FHA Needs Funds: You Read It Here 6 Weeks Ago

Posted by: Nick Will Print PDF
Tagged in: regulation , Policy , market , lending , Insurance , Houston Area , Congress

Okay so reading this blog is like getting the news 6 weeks early. Granted, I thought it would make the news at the end of September, and here it is in today's Times:

 

The Federal Housing Administration said Thursday that its cash reserves had dwindled significantly in the last year as housing prices slumped and many of its borrowers defaulted on their mortgages.

 

Still, government housing officials stressed that the agency, which insures loans made by private lenders, would not need a direct bailout.

And this...

Brian Montgomery, who ran the F.H.A. for the Bush Administration, said in a recent interview that the agency felt it had no choice but to open the doors wide to all applicants.

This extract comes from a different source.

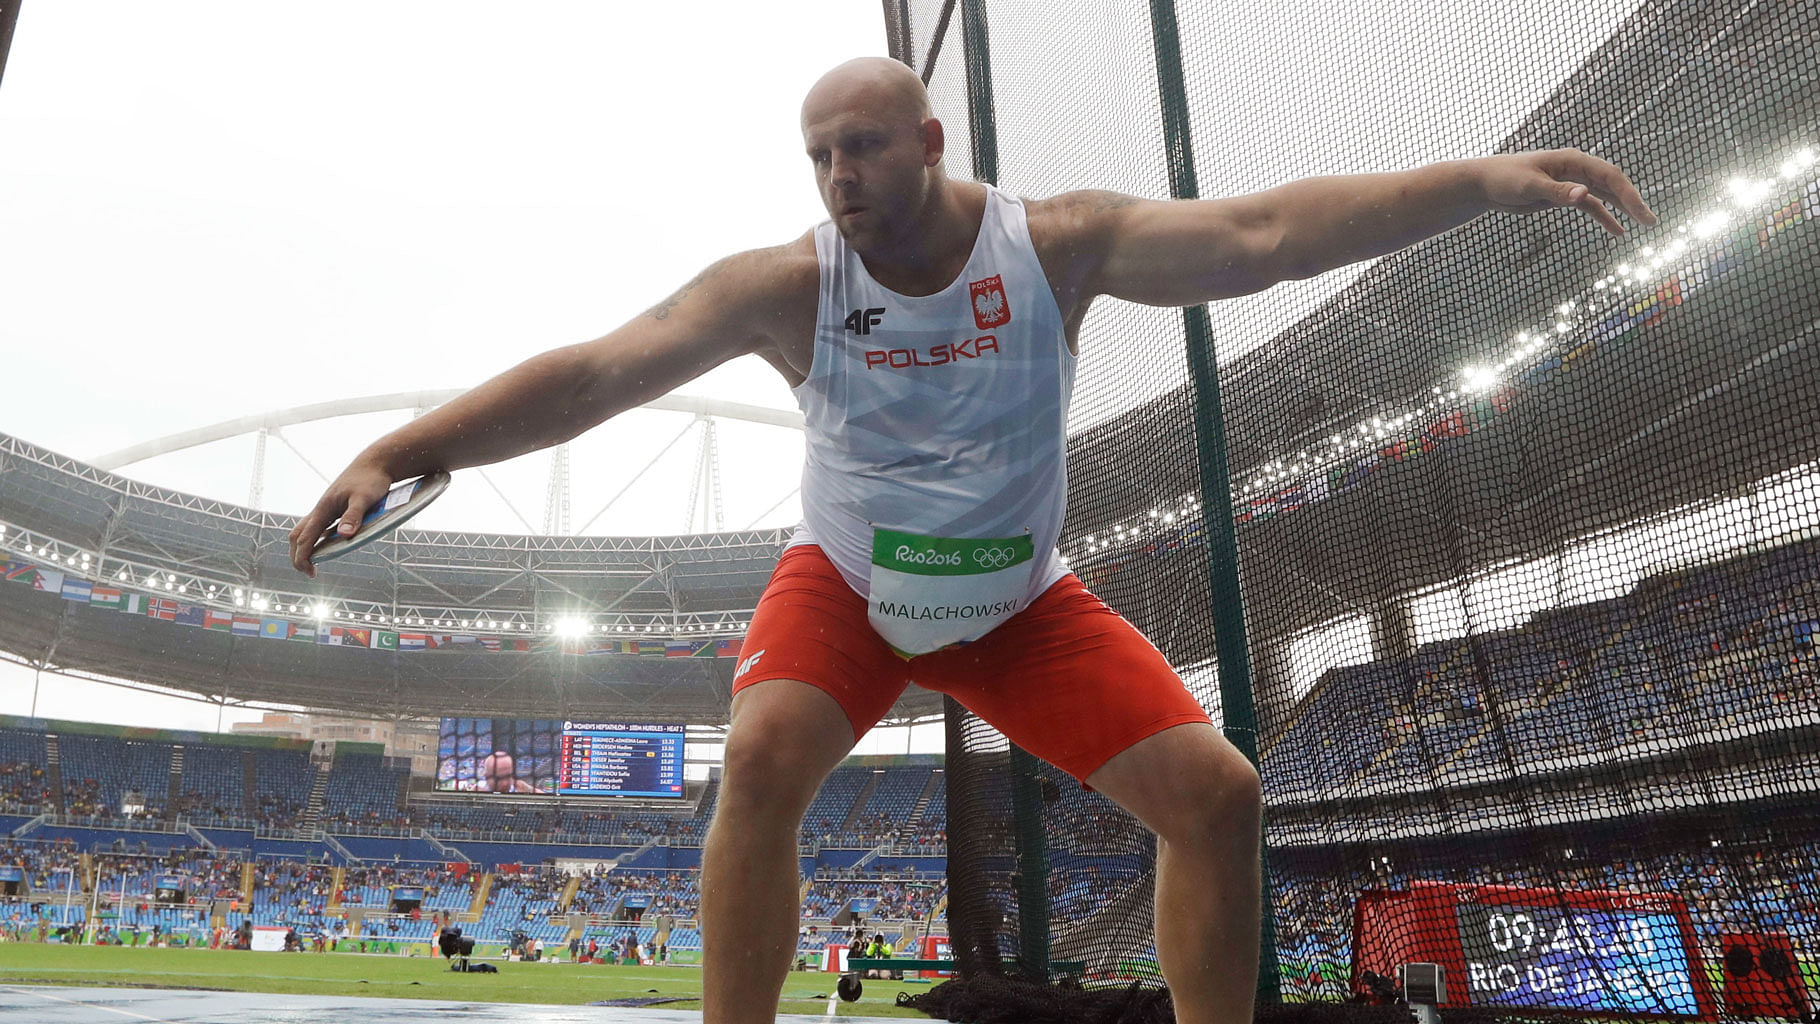  Poland’s Piotr Malachowski competes in a qualifying round of the men’s discus throw during the athletics competitions of the 2016 Rio Olympics. (Photo: AP)

Otherwise, the housing market might have failed completely.

 

“We had to let these loans through,” said Mr. Montgomery, citing pressure from Congress, the real estate industry and the White House.

 

Mr. Montgomery, who is now a consultant, said anyone dismayed by the possibility of yet another bailout should be feeling a completely different emotion toward the Department of Housing and Urban Development and, for that matter, himself : gratitude.

 

“They should be going over to the H.U.D. building and frankly thanking the career staff for saving them from a Depression,” he said.

 

The FHA program does not lend money. It insures mortgages for which borrowers pay premiums when they buy homes. We've just been through an insane mortgage market and FHA has been in the black for about 75 years since it was created in 1932 (check me on that). So this will shake out. Don't freak out. As the mortgage market stabilizes, so will the FHA program. The FHA loan insurance program saw an enormous rise in activity as the craziness in mortgages saw the same -- it used to be that nobody used the program because conventional programs were more competitive. That day will soon arrive again.

 

What mortgage markets need and will soon see again is an overall return to normalcy. That's the big picture.